Available data:
^^^^^^^^
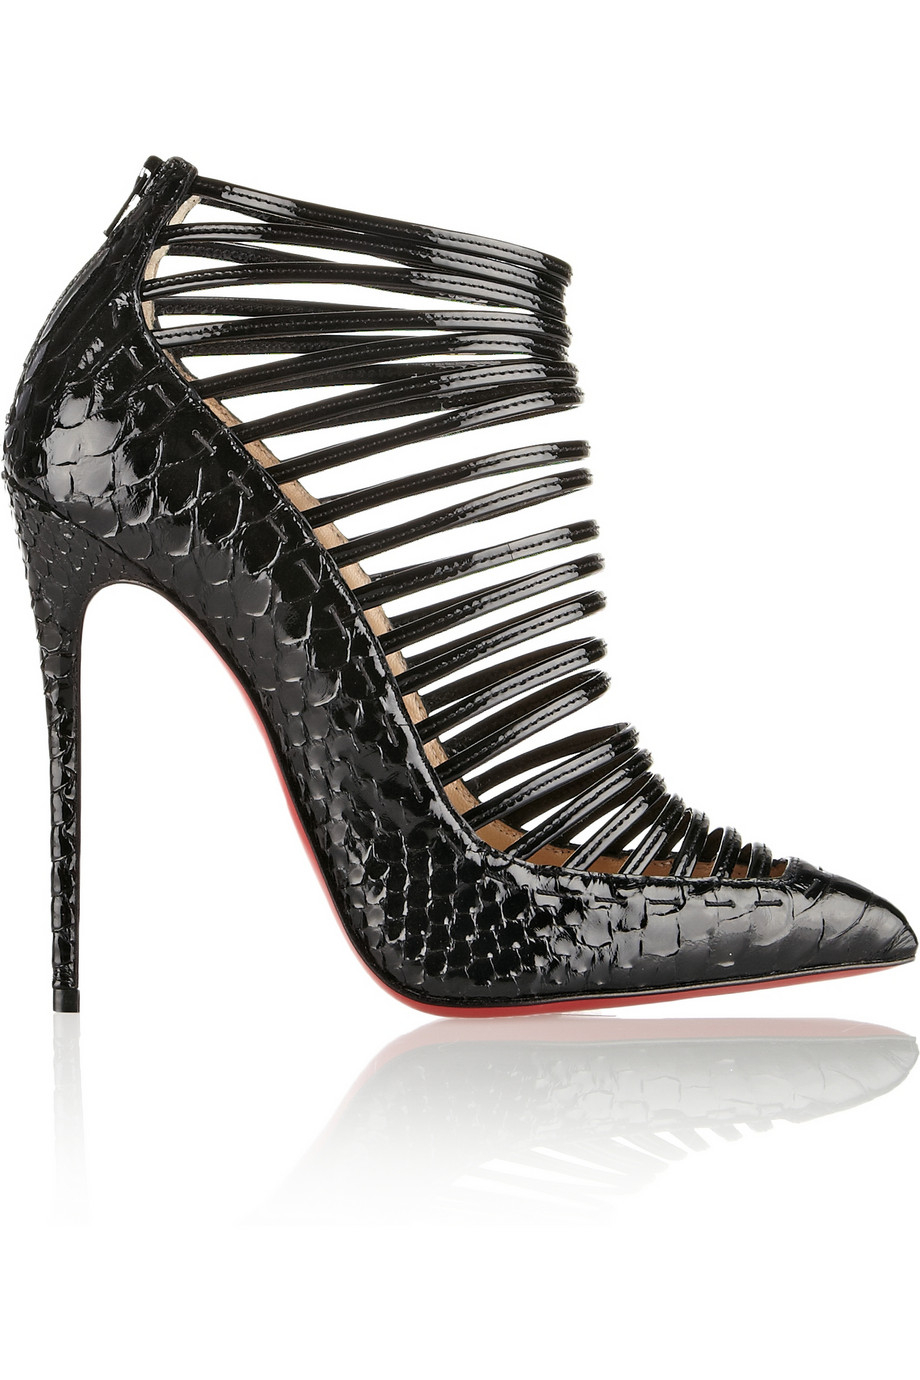 Christian Louboutin Gortik 120 Python And Patent-Leather Ankle Boots in Black - Lyst
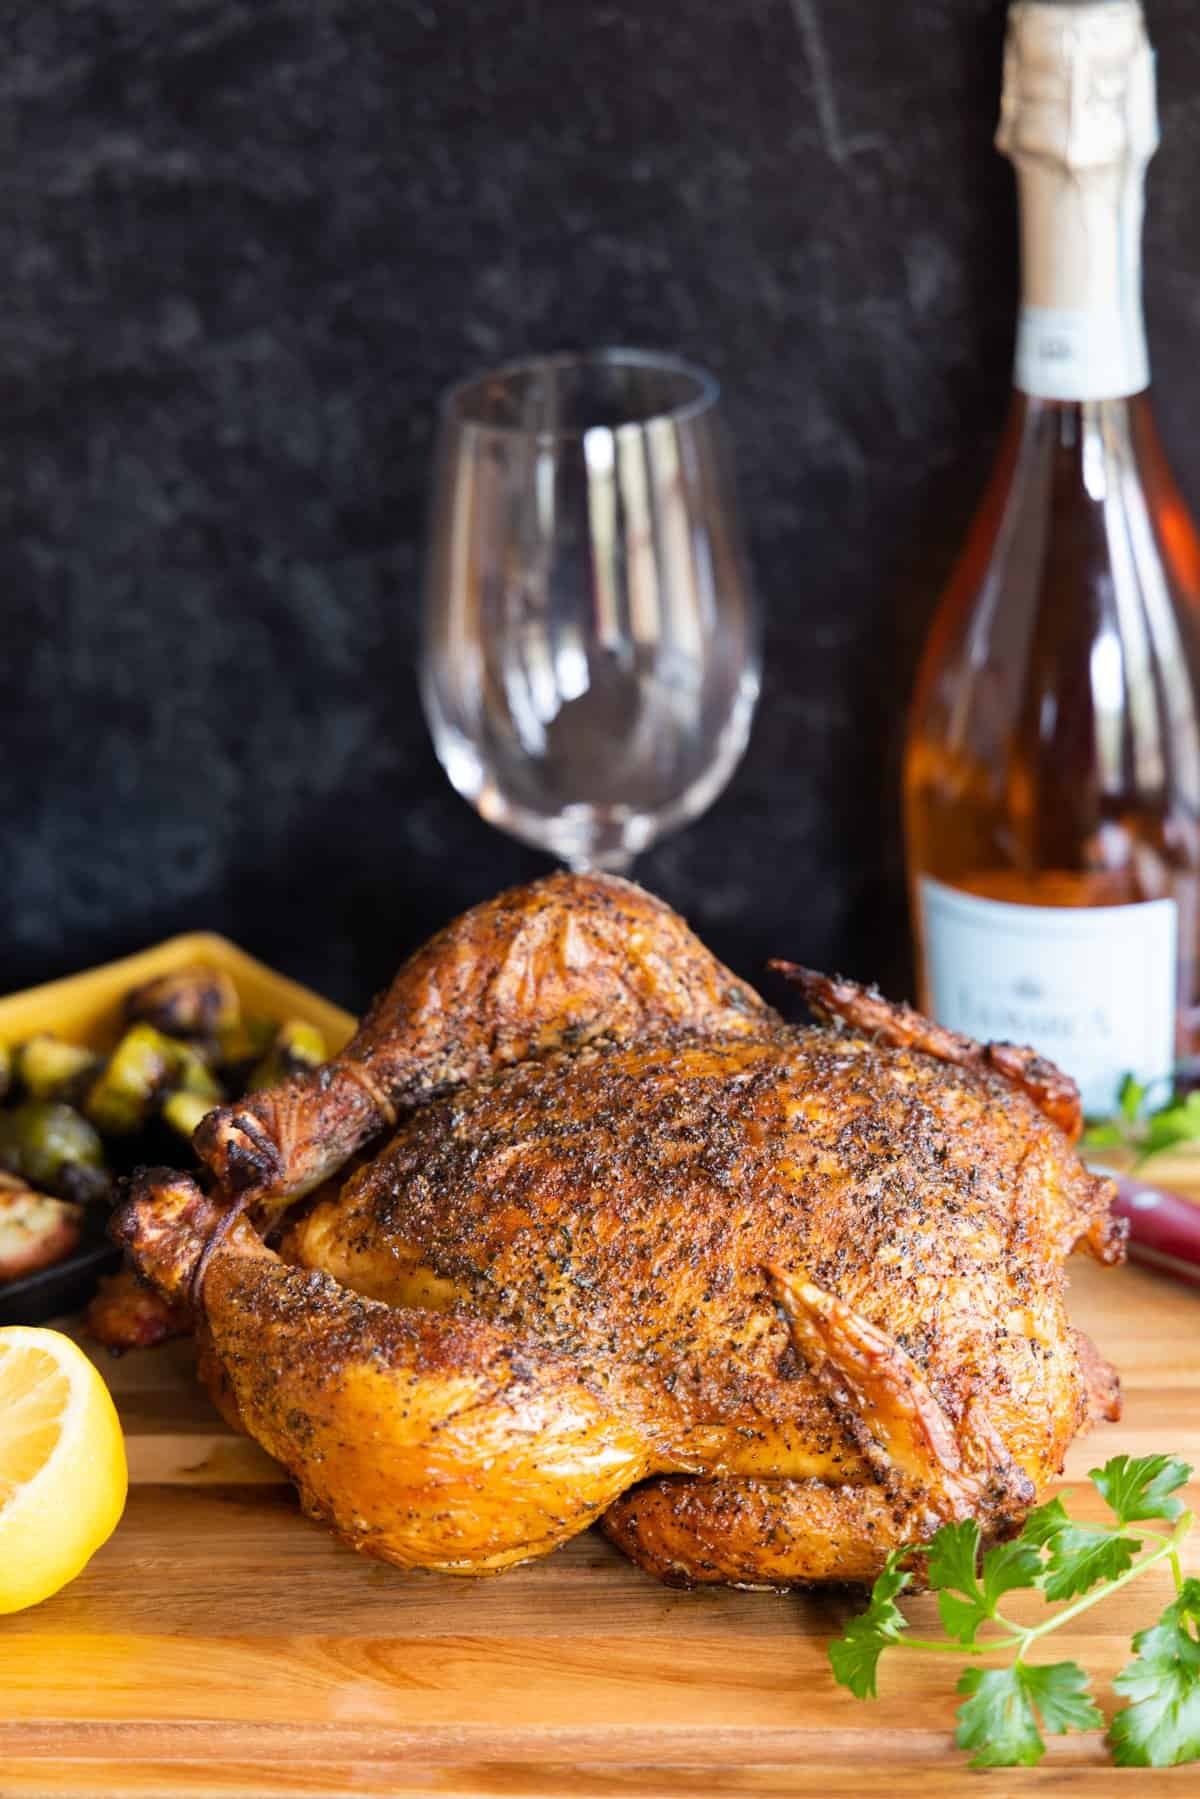 Smoked chicken on cutting board with lemons and parsley with wine bottle and glass in background
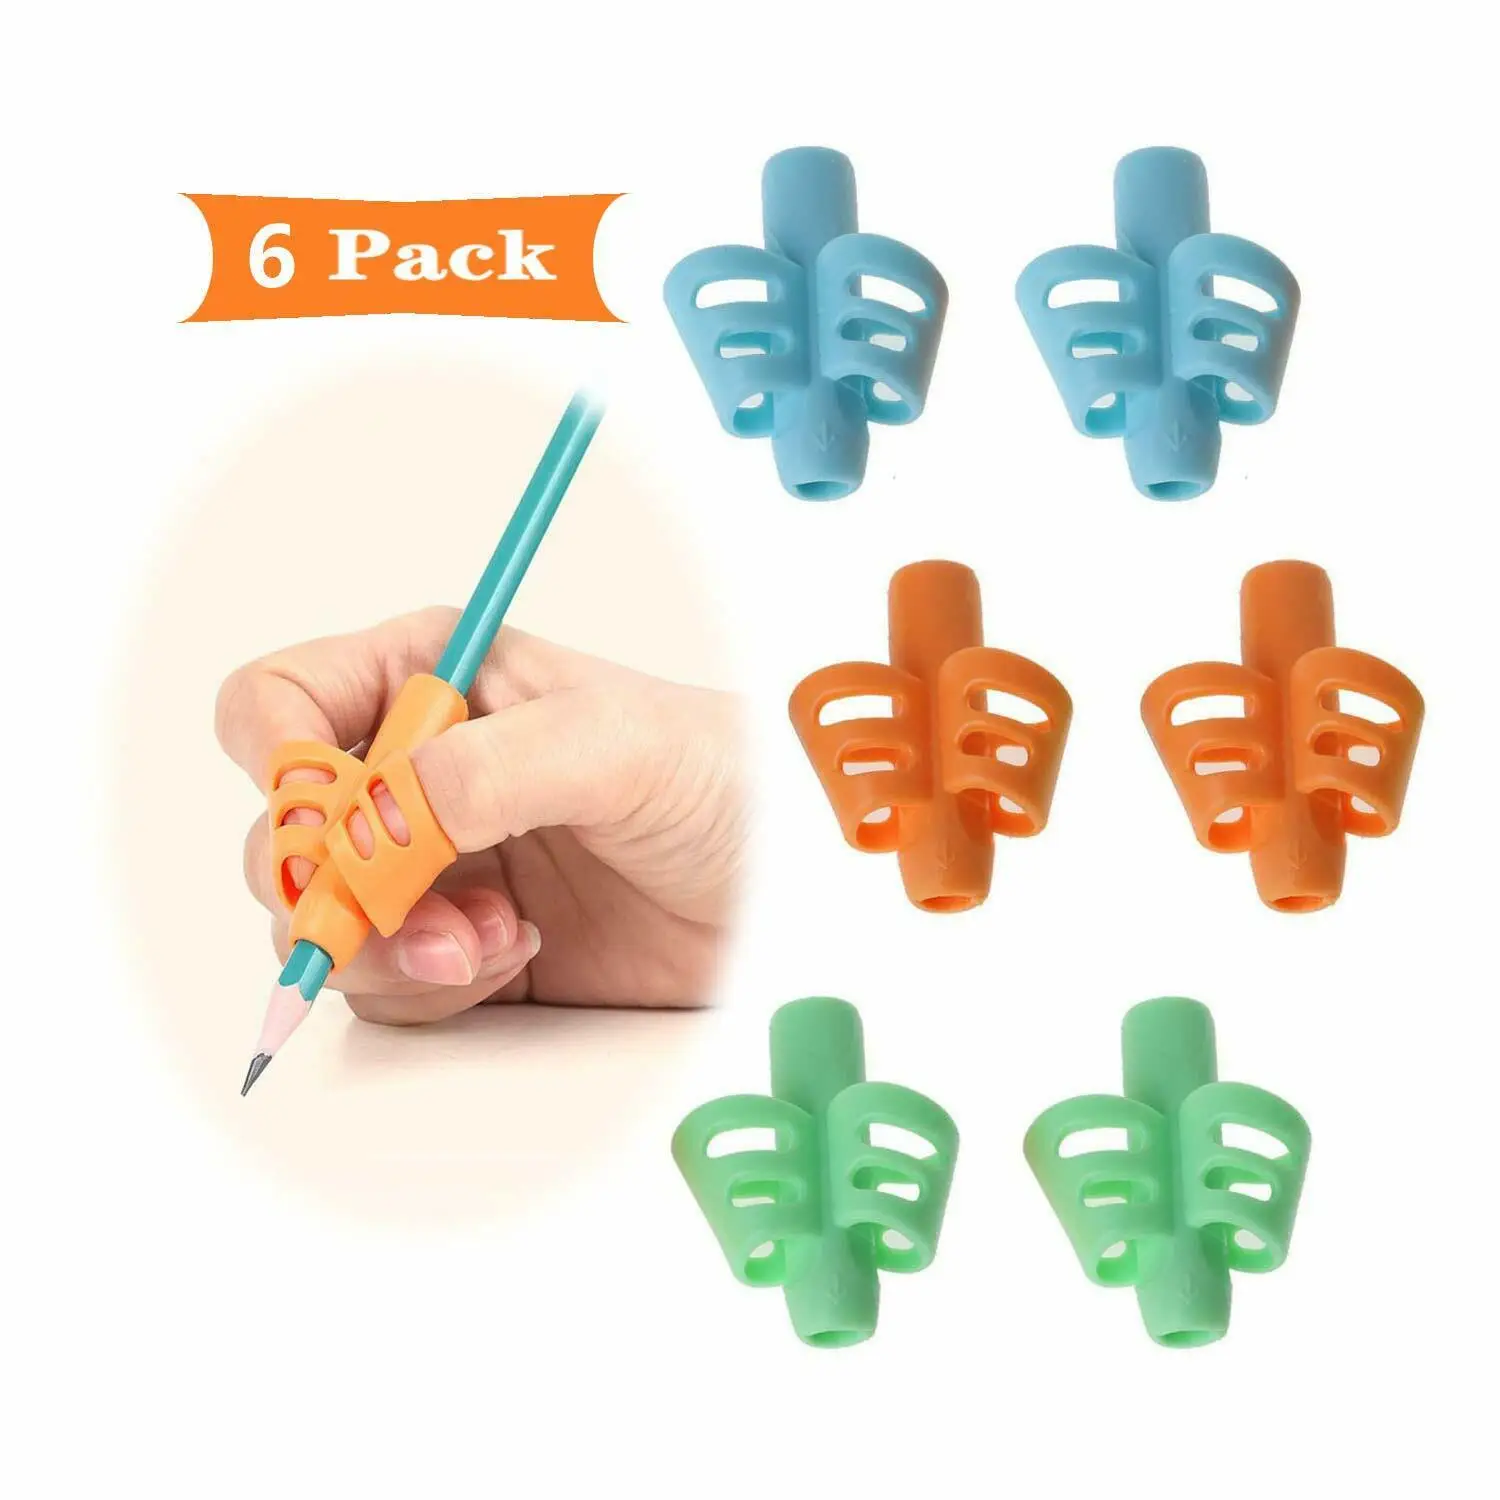 3 × Pencil Pen Handwriting Aid Grip Right Left Handed Soft Set Silica Gel Tool
^^^^^^^^
Work task: Copy exactly, and only, the lines running from the one containing "Smoked chicken on" through the final line of the data, and omit the pictures.

Task answer:
 Smoked chicken on cutting board with lemons and parsley with wine bottle and glass in background
 3 × Pencil Pen Handwriting Aid Grip Right Left Handed Soft Set Silica Gel Tool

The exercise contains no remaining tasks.